Monica - posted on 01/13/2016 ( no moms have responded yet )
On July 18, 2015 at 10:55am my little girl McKenzie was born. She was a healthy beautiful baby girl, my first.
I loved every second every minute ever coo, ever breath I was so scared to be a new mom but I was fantastic at it. I never took for granted anything with my daughter, I spent every second with her, I ran to her every call.
On the Evening of November 3rd 2015 I came home and fount a ambulance outside my house and my husband in the front yard. I thought that someone had gotten ran over or an accident happened in front of the house..
He then looked at me and mouthed Mckenzie.. my heart dropped. I was then explained to what was going on and my entire world shattered. My daughter had passed away in her sleep from SIDS.
I miss her so much, I cant stop looking at her pictures, watching the video of me singing to her, I feel like this is all a bad dream and I'm praying that I wake up ..
I'm back to work and passing days, some are good some are bad, our relationship isnt falling apart we keep open communication about her and just life..
For a while I couldn't see a point in anything, my whole thought process was what the fuck is the point? Who the fuck cares about anything, why should I, the only thing I cared about entirely outside myself was my daughter.
Smiling feels foreign like it doesn't belong on my face, happiness just doesn't seem fair at all, and I keep asking god why me? why me? why us? we prayed for her and we got her and he took her.

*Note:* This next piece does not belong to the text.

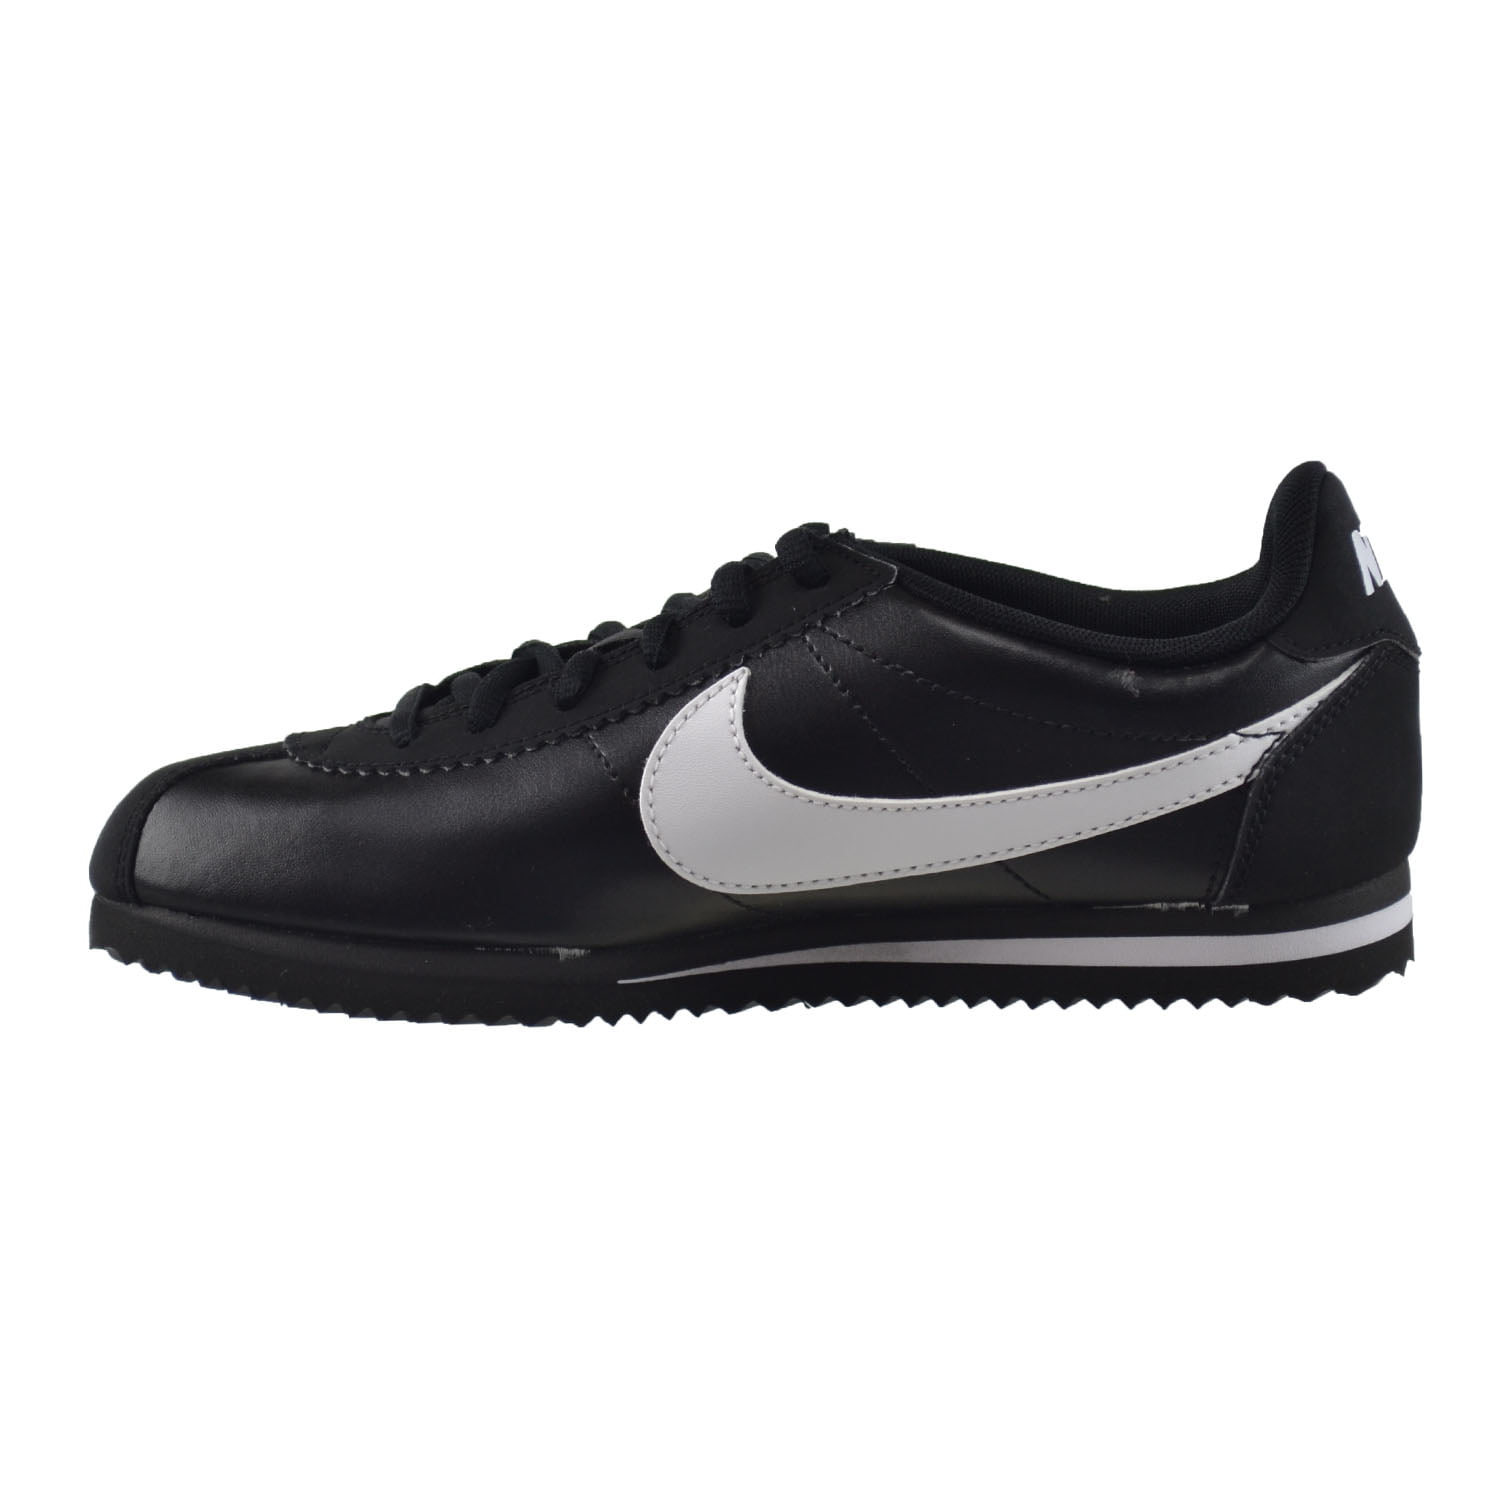 Nike Cortez (GS) Big Kid's Shoes White/Pink Blast 749502-106 (4.5
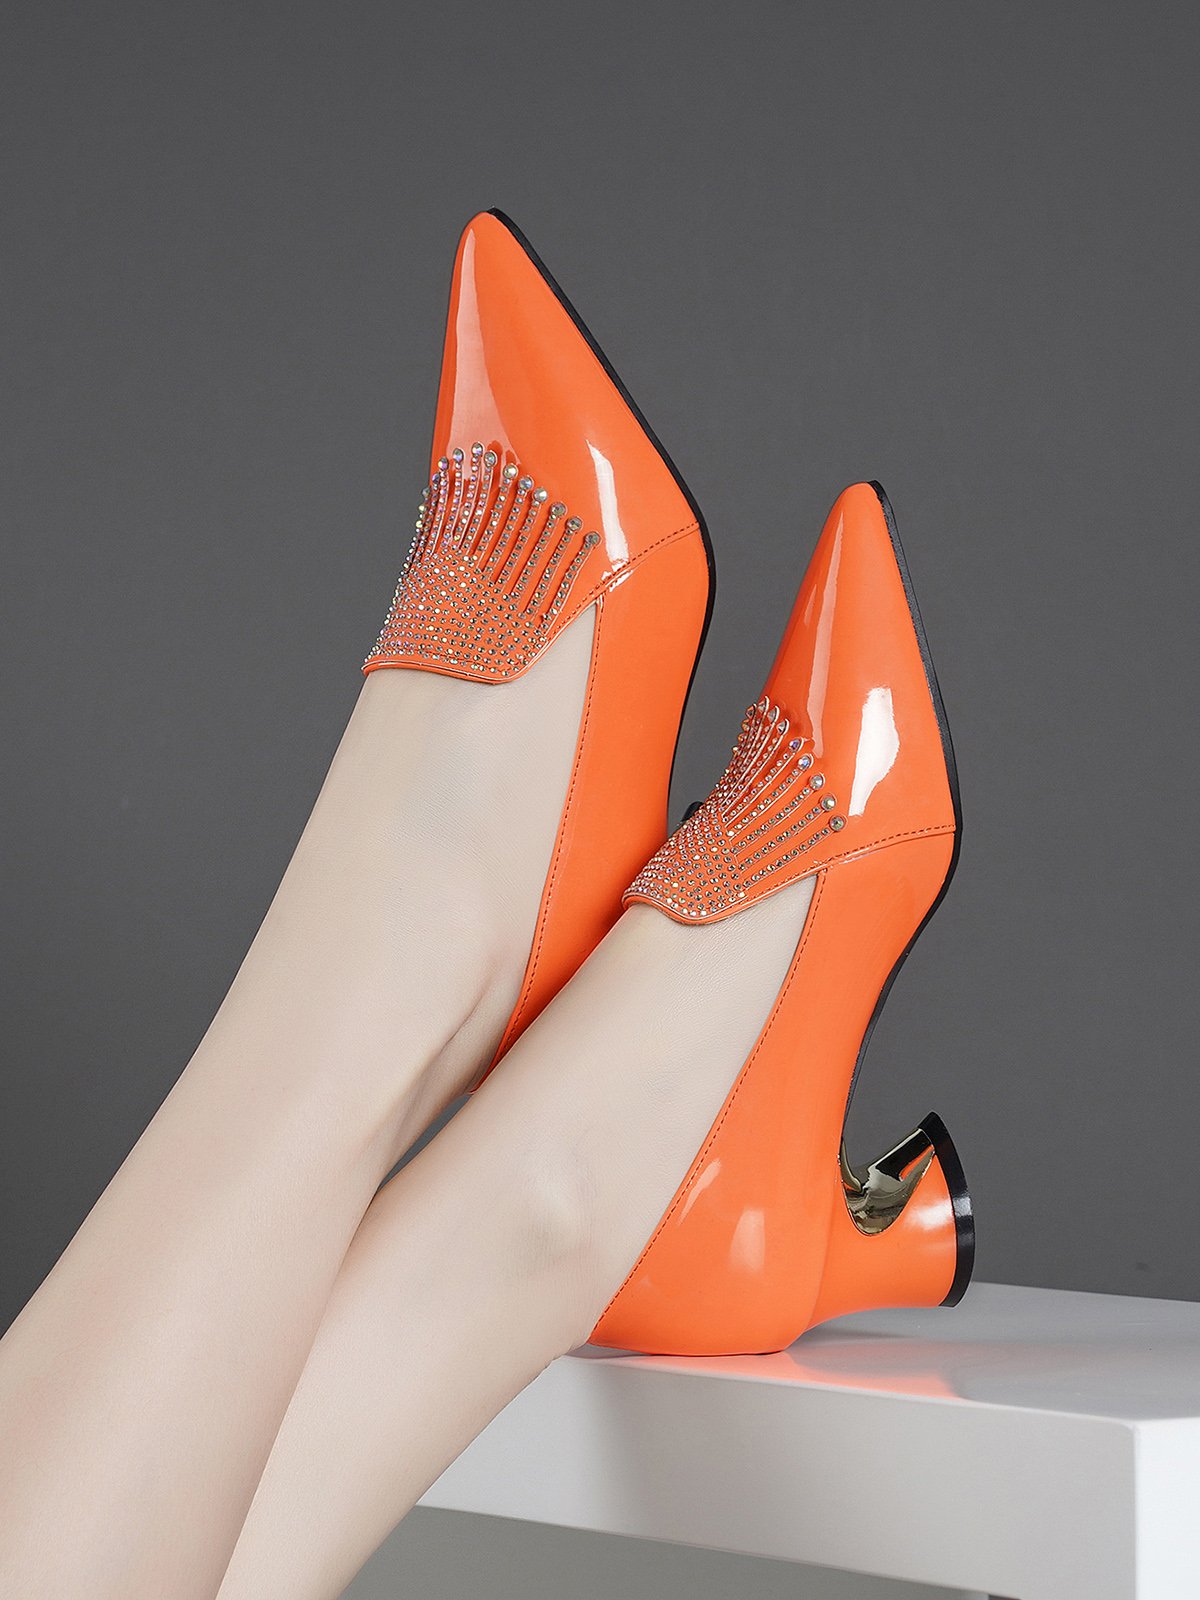 Rhinestone Patent Leather Pumps Spool Heel Dress Shoes

We cried and prayed so many nights to conceive and when we found out we prayed and prayed for us to have a healthy baby thats all we wanted, and we have her and now were praying and praying for her to come back by some fucking miracle .. it will never happen I know but I cant stop asking god for help..I'm breaking, my enitire world is shattered still.. I cant but I have to hold it together, something inside me wont let me shatter.. some glue is holding me together but my world is cracked and chipped .. Why us god?